> [YOUR GOAL]:
Beginning with the first line, please repeat the entries exactly and end on the line that contains "Megan's Rescue Efforts Society Logo".
*** THE DATA Section Begins ***
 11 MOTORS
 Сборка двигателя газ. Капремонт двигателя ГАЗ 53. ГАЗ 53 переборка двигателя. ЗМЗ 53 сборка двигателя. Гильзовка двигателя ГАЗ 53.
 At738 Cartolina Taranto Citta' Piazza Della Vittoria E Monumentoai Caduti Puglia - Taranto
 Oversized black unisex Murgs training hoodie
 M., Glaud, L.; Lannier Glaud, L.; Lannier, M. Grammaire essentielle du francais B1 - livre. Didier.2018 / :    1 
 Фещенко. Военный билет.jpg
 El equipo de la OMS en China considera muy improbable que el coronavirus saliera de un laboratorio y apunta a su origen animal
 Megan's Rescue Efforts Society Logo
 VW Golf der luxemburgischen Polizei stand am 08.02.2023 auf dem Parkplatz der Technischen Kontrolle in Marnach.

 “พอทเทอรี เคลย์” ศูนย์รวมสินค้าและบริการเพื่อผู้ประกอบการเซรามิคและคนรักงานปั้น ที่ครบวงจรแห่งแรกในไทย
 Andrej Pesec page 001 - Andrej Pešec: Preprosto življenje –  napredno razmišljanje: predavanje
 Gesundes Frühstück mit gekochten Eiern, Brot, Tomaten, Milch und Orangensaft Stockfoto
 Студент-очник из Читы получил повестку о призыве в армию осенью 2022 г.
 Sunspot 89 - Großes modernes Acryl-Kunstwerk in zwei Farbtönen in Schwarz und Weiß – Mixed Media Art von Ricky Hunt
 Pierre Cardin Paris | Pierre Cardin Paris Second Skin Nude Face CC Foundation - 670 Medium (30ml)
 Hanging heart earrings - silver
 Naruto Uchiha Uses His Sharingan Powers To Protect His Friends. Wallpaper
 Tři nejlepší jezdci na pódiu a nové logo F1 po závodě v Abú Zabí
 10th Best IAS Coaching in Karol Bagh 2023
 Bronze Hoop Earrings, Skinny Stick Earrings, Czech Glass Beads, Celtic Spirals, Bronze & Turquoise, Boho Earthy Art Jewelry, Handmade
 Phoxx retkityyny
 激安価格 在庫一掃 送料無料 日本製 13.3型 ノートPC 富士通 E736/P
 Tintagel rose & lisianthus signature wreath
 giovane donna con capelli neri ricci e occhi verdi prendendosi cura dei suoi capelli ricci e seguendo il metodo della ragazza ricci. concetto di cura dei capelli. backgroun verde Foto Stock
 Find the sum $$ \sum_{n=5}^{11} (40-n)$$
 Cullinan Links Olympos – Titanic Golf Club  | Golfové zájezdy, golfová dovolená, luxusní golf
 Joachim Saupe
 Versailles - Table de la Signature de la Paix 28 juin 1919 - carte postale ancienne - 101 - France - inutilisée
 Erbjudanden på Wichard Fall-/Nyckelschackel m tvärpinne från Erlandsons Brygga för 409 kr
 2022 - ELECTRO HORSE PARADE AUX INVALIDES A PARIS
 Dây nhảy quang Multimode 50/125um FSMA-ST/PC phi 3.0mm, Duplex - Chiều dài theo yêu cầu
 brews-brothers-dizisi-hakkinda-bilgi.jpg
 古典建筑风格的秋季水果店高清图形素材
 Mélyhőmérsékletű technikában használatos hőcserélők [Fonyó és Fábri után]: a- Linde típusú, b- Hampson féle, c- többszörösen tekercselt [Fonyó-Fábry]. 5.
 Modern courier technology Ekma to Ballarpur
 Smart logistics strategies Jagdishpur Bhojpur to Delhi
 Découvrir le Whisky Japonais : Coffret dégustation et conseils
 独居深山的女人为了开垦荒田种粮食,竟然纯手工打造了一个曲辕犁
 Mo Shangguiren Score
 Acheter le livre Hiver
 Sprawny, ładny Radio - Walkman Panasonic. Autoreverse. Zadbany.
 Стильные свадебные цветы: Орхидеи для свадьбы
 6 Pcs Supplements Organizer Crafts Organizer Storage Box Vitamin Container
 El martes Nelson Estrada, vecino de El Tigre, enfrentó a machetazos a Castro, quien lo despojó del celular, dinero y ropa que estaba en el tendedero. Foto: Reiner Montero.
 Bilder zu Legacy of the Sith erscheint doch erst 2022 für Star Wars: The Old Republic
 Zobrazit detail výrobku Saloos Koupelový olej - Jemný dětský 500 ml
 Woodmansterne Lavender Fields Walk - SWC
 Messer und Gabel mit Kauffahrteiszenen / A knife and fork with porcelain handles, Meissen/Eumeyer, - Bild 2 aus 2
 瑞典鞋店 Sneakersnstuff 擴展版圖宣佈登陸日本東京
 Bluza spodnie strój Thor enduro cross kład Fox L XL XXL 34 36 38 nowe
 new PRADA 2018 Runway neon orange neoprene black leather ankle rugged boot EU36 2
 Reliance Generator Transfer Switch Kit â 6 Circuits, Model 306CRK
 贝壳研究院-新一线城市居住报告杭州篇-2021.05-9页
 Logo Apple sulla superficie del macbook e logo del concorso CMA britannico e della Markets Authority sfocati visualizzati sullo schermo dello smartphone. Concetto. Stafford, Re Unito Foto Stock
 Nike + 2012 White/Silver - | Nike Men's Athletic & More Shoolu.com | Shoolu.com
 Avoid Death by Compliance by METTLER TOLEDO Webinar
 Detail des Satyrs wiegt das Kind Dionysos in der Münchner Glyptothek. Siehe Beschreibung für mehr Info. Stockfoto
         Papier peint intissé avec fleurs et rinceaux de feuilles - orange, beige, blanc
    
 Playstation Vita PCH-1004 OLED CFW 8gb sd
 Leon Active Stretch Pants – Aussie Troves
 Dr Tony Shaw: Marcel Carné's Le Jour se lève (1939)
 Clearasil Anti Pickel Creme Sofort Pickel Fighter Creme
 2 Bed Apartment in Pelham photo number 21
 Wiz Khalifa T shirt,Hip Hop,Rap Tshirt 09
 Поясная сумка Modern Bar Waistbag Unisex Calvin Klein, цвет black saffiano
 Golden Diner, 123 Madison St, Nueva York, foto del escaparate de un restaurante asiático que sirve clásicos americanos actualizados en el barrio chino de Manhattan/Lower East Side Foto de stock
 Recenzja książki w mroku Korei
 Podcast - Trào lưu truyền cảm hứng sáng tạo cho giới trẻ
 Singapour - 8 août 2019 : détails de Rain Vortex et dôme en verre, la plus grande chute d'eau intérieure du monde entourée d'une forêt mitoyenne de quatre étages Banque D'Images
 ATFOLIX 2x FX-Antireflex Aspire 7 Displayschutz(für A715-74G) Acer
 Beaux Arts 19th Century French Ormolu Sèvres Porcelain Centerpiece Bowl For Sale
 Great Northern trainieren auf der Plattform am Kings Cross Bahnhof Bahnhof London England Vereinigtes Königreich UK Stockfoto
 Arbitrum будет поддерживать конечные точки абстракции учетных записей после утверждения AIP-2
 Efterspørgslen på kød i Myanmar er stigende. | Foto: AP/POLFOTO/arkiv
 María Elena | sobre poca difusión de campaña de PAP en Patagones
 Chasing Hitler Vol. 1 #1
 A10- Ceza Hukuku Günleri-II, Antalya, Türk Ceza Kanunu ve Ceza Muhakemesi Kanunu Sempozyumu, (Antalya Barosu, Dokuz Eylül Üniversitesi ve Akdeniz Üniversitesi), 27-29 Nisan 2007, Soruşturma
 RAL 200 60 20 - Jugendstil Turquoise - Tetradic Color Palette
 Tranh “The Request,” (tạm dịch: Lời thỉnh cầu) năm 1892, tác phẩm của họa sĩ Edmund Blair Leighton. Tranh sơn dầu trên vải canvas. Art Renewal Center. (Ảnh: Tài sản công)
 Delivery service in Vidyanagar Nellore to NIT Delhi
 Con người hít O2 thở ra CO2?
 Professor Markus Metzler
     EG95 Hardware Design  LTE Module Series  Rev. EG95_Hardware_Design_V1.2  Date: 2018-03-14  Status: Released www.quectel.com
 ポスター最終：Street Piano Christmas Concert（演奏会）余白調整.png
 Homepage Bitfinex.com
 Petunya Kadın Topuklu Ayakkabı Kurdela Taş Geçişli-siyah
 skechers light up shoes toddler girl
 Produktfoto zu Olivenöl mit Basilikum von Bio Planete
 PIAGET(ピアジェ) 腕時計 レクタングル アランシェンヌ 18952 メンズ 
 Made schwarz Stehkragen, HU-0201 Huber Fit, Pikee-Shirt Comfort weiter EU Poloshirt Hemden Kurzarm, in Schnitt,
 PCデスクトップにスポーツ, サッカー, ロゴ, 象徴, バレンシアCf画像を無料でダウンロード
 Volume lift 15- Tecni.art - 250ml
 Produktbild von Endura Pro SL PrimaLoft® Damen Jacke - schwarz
*** THE DATA Section Ends ***
> [YOUR SOLUTION]:
 11 MOTORS
 Сборка двигателя газ. Капремонт двигателя ГАЗ 53. ГАЗ 53 переборка двигателя. ЗМЗ 53 сборка двигателя. Гильзовка двигателя ГАЗ 53.
 At738 Cartolina Taranto Citta' Piazza Della Vittoria E Monumentoai Caduti Puglia - Taranto
 Oversized black unisex Murgs training hoodie
 M., Glaud, L.; Lannier Glaud, L.; Lannier, M. Grammaire essentielle du francais B1 - livre. Didier.2018 / :    1 
 Фещенко. Военный билет.jpg
 El equipo de la OMS en China considera muy improbable que el coronavirus saliera de un laboratorio y apunta a su origen animal
 Megan's Rescue Efforts Society Logo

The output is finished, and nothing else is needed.